* **Listed records**:
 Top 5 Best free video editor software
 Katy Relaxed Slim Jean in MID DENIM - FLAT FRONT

* * *

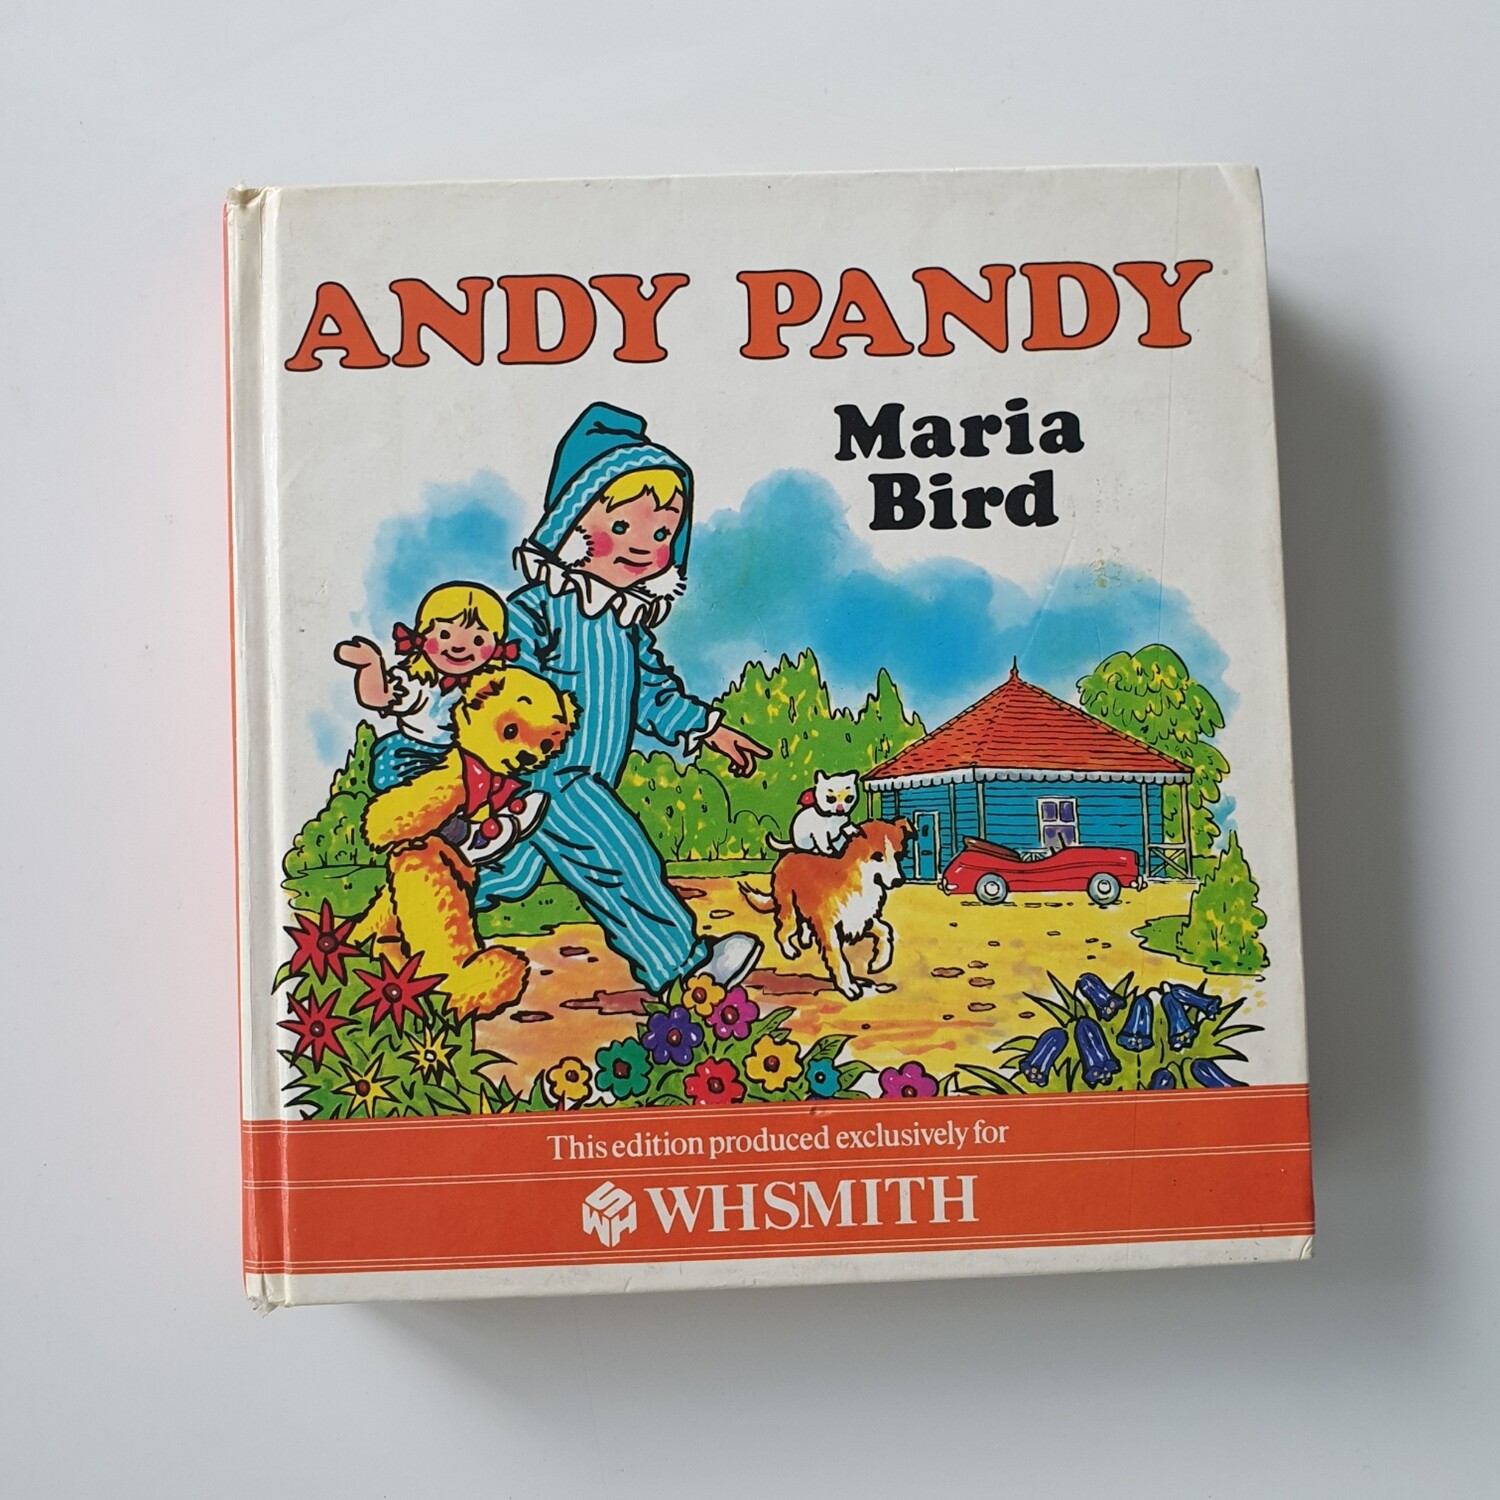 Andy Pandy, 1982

* **Task goal**:
All lines above from the line with "Top 5 Best free video editor software" through the line with "Katy Relaxed Slim", both included, are to be set down exactly, with nothing else.

* **Response**:
 Top 5 Best free video editor software
 Katy Relaxed Slim Jean in MID DENIM - FLAT FRONT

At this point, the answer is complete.